The day that you stop running is the day that you arrive.
Надежды мало успеть на поезд — в Москве по пробкам с утра летя. Проснулся, кофе, подтянут пояс, снаружи — снега почти по пояс, а небо хмурится от дождя. И вроде выпито было мало, и спал четыре (почти) часа — а сердце даже без кофе сжало, по нервам словно тоской скребя. Уходит поезд, рюкзак-наездник торопит, прыгает за спиной, бежишь, не слыша вокзала песню: второй перрон, отправленье... Стой! Успел. Запрыгнул. У проводницы лицо видавшей всех во гробах. Змею-вагон отпускает столица, а поезду каждую ночь что-то снится, за хвост он кусает себя в этих снах. Что, отдышался? Рюкзак седлает: иди сквозь поезд, ищи плацкарт. Дожил, гляди-ка — ворчит — до мая, дожил, дополз, отчего-то зная:
Ты дальше справишься и без карт.

Рюкзак удобно лежит на полке, и будто дремлет, хвостом звеня. Листаю книгу, не зная, сколько пути осталось мне до тебя. Наушник в ухо, сто лет до лета, до лет текущих — полсотни лет, мы все себя потеряли где-то, когда-то, с кем-то нашли ответы — забыв, в итоге, на что ответ. Вагон неполон: пустые полки на месте тех, кто сегодня не. Гитару кто-то достал; аккордом сметает всё, что принёс извне.
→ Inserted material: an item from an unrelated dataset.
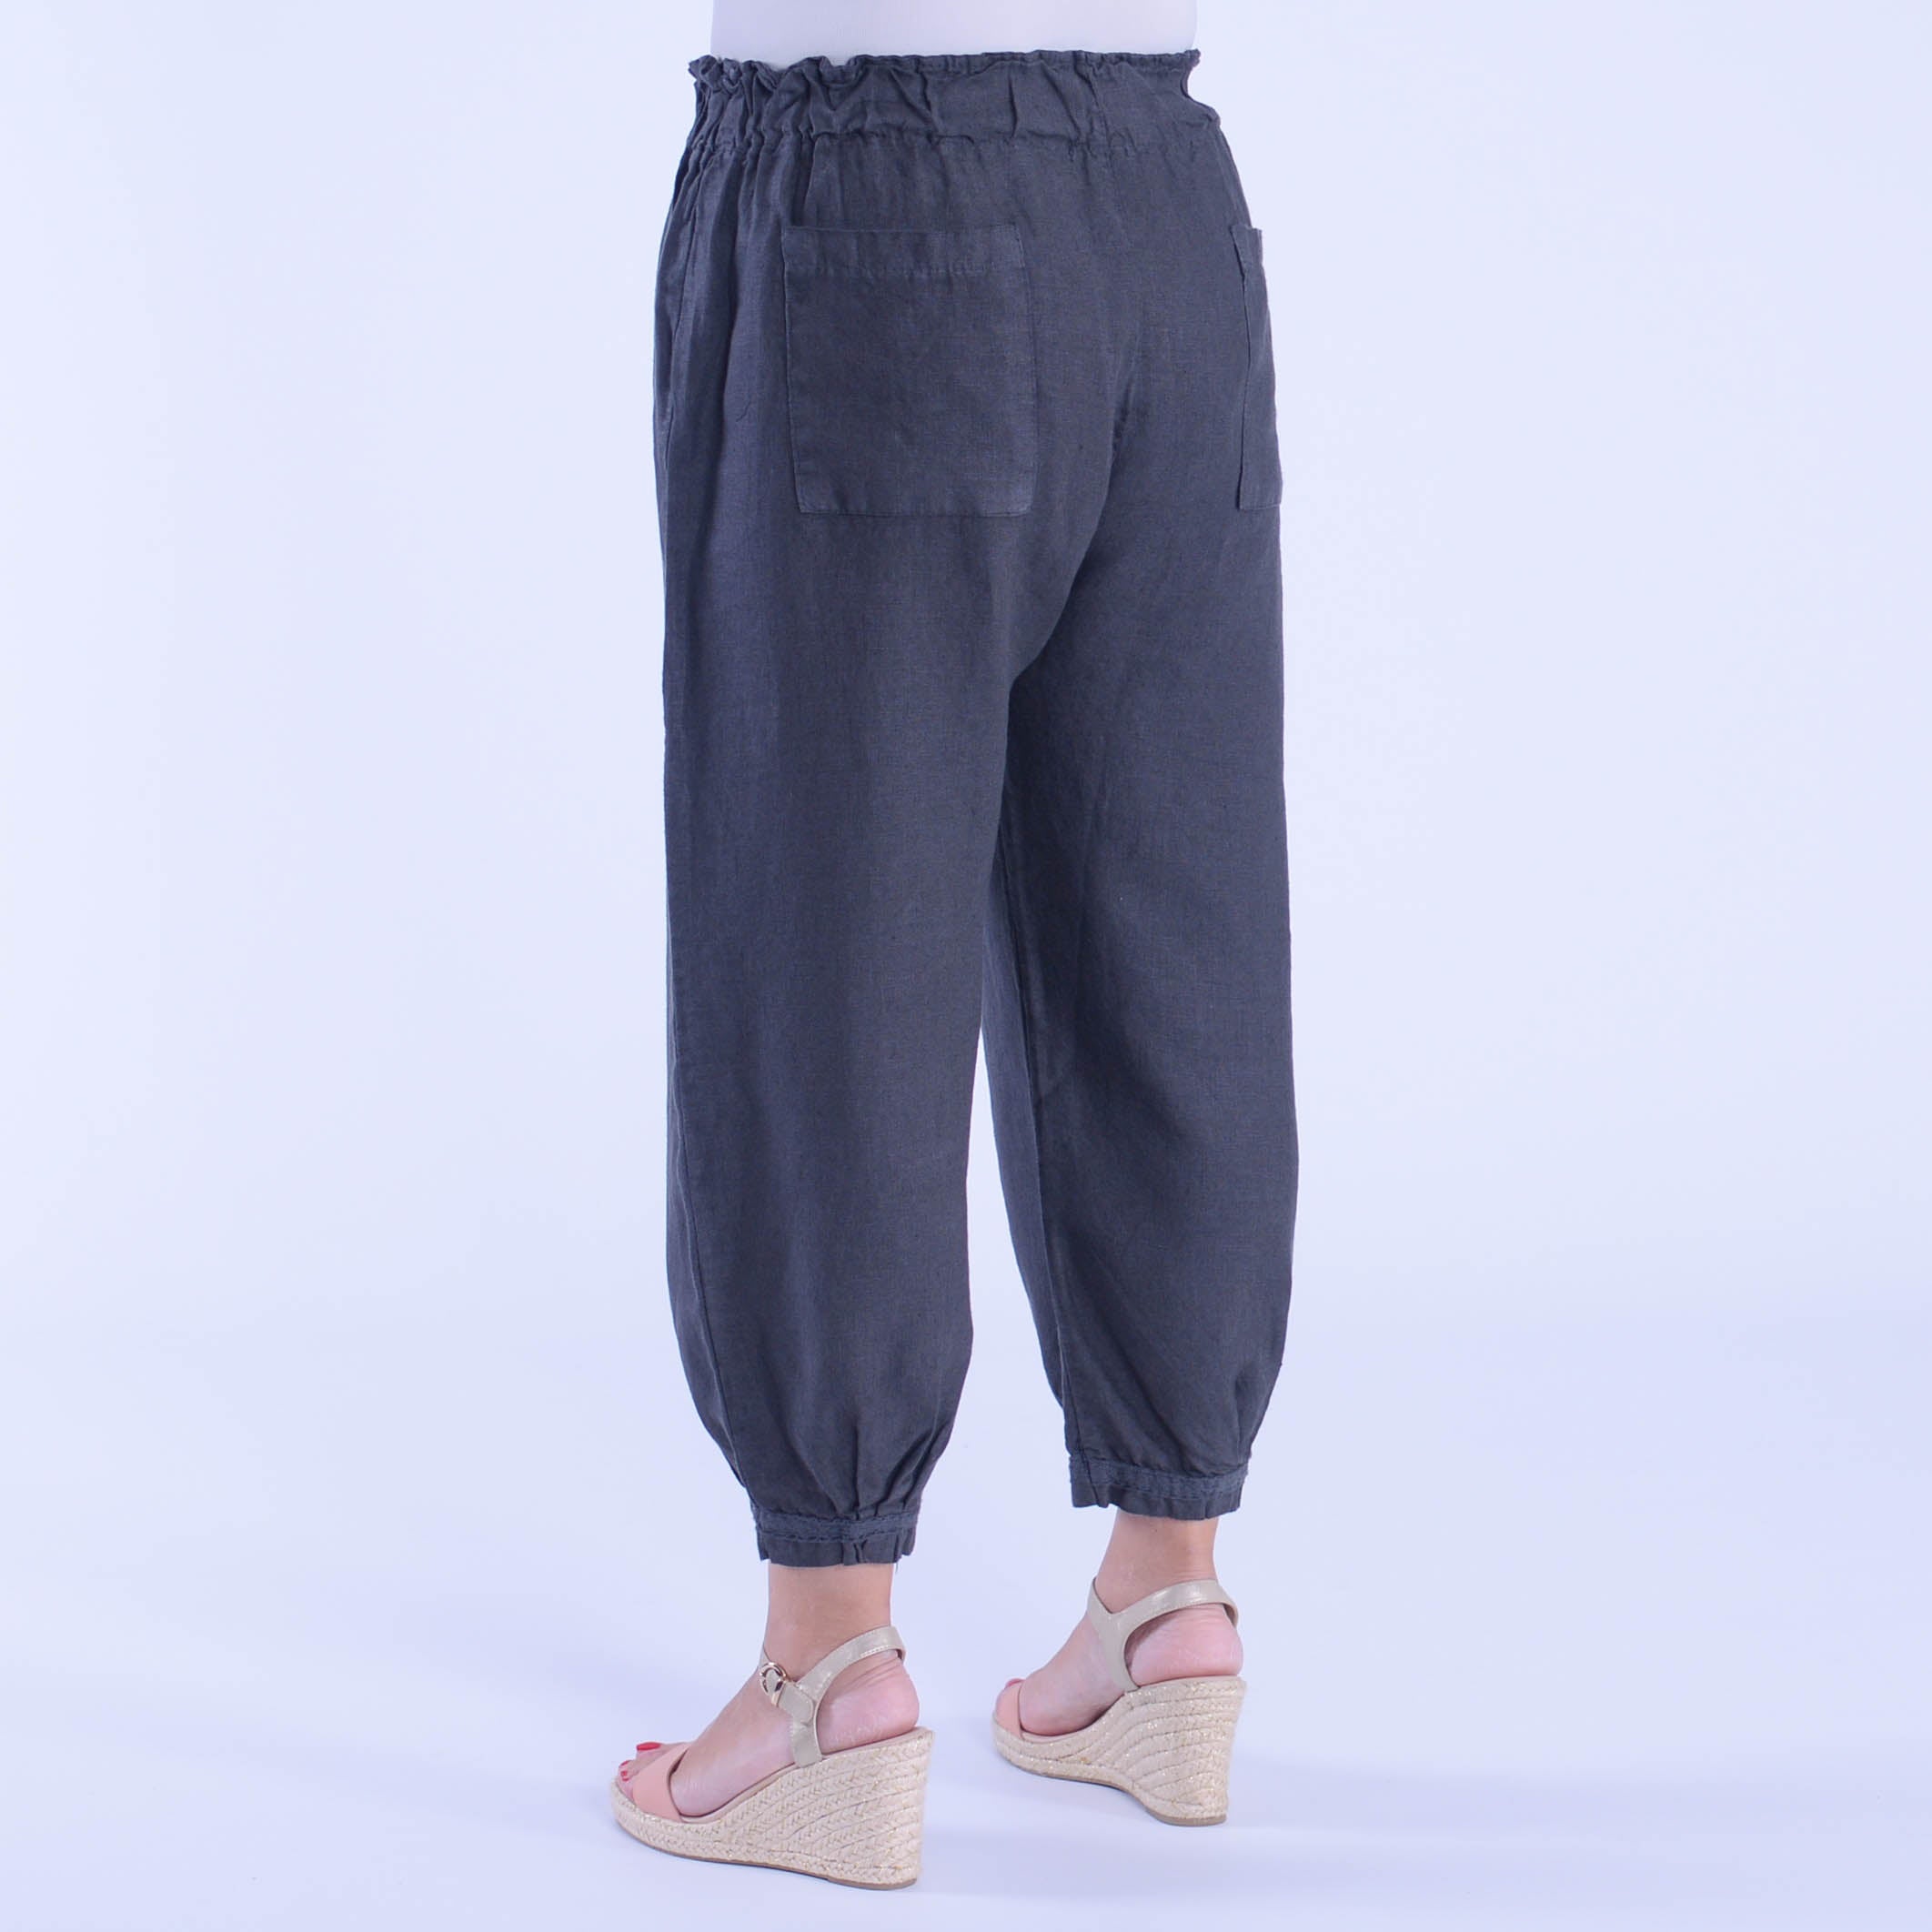 Lace Trim Linen Trousers - 9466
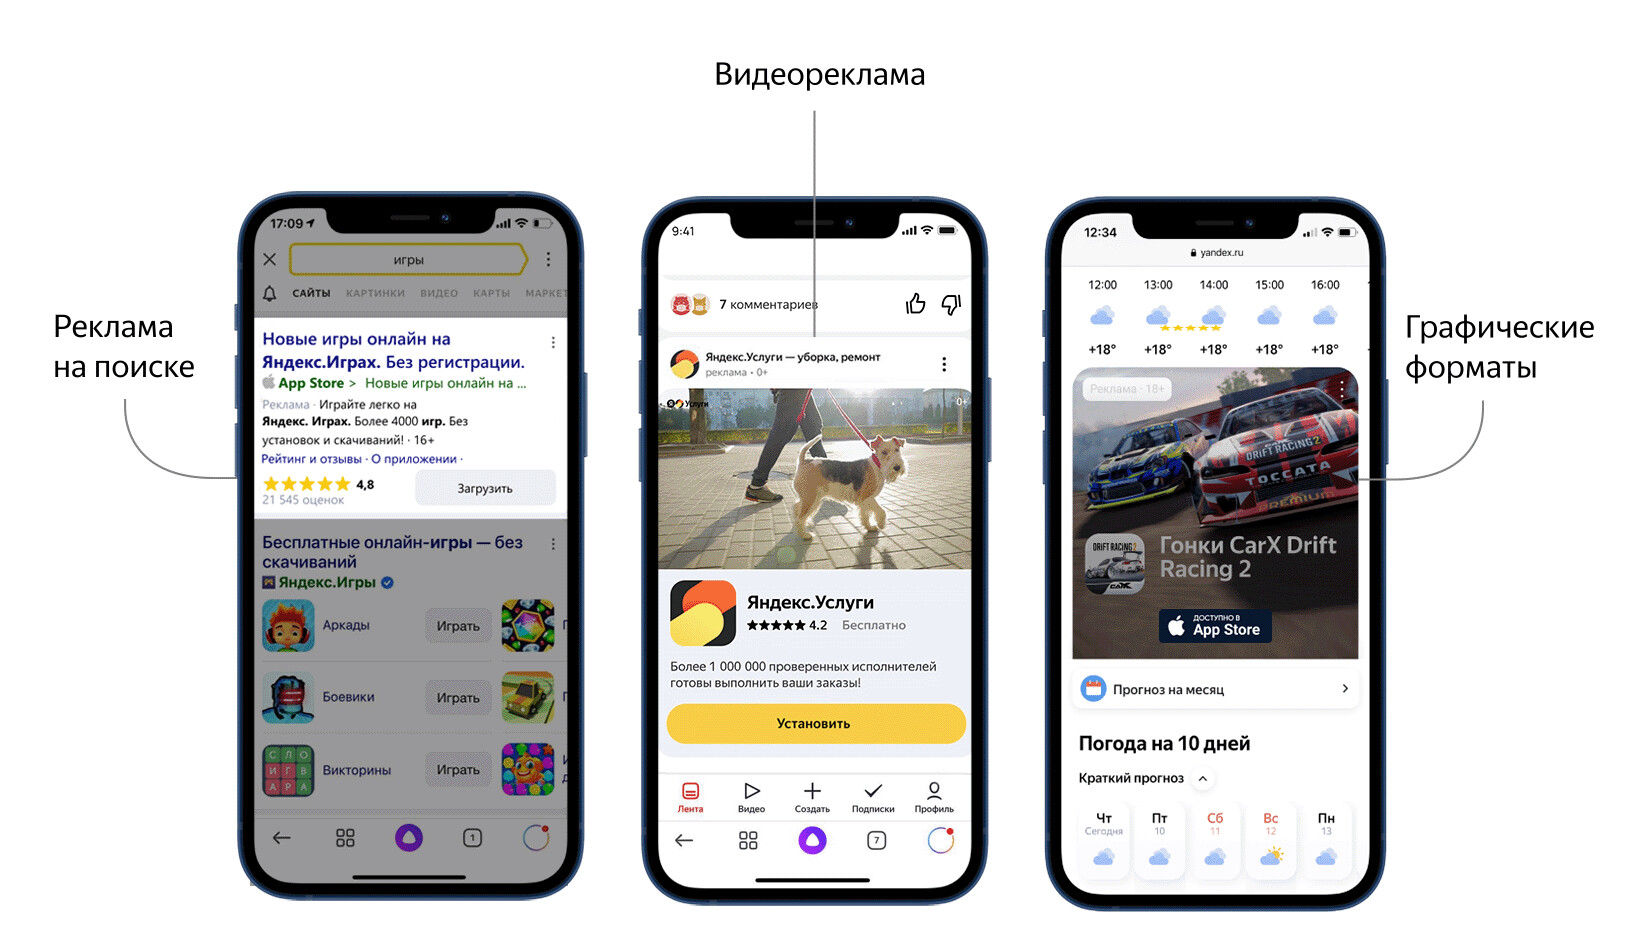 Яндекс обновил интерфейс для запуска рекламы мобильных приложений

Играет тихо; поёт смешливо; вагон колёсами ритм отбил. "Лилит забудет твою фальшивость, неважно, кем для неё ты был. Лилит хохочет, дойдя до ручки, черноволоса и горяча. Приснится ночью, нагая сучка — с постели выпрыгнешь ты, крича. Все мы шлюхи Лилит — предаём, презираем, поголовно считая, что всё сходит с рук. И идём, незаметно, по самому краю, и уверенно пилим свой собственный сук". Гитара стихла, звенят стаканы, певец напился и крепко спит. Темнеет — что ж, темнота прячет раны.
Отчего-то мне жалко Лилит.

Ночной перрон осторожно дышит, нагретый солнцем, и льнёт к ногам. Мазутом пахнет; чуть сносит крышу от смеси пота и табака. В дороге просто побыть счастливым: стакан гранёный да крепкий чай. Гитара чуть дребезжит, лениво, не время струнам сейчас звучать. Вагон качает, как лодку в море, чем дальше в сон — тем штормит сильней. В дороге хочешь не хочешь — сморит, дорога сгладит любое горе, но только если идти по ней. Уснуть — и спутать года, страницы, в закат по морю пешком уйти. Увидеть тех, кто давно только снится, такие родные, забытые лица, увидеть — и удержать в горсти. Дорога любит людей покрепче, видать, вкуснее выходит чай. Дорога помнит — тобою — встречи, чем старше стал, тем прощаться легче:
Наотмашь рубить с плеча.

Здесь очень-очень легко не помнить, как ты сменяешь людей и дни, как на губах застывает коркой тяжелый огонь, что горит внутри. Как ты привычно — сильнее многих — всех понимаешь, домой идя... Туда, где снявший улыбку Локи уже не боится сойти с ума. Может, во снах и в любимых книгах есть хоть лазейка в чудесный мир? Где каравеллу штурмуют бриги, сбился со счёта ночей эмир, где Крысолов уводил мальчишек — пока не поздно учить, спасти, где пара белых, обычных мышек могут вселенную сбить с пути? Где мчится поезд к тебе — прошедшей, где непонятно, что сон, что явь. И где в ночи кто-то шепчет: "Мы шлюхи, Лилит."
И, похоже, он прав.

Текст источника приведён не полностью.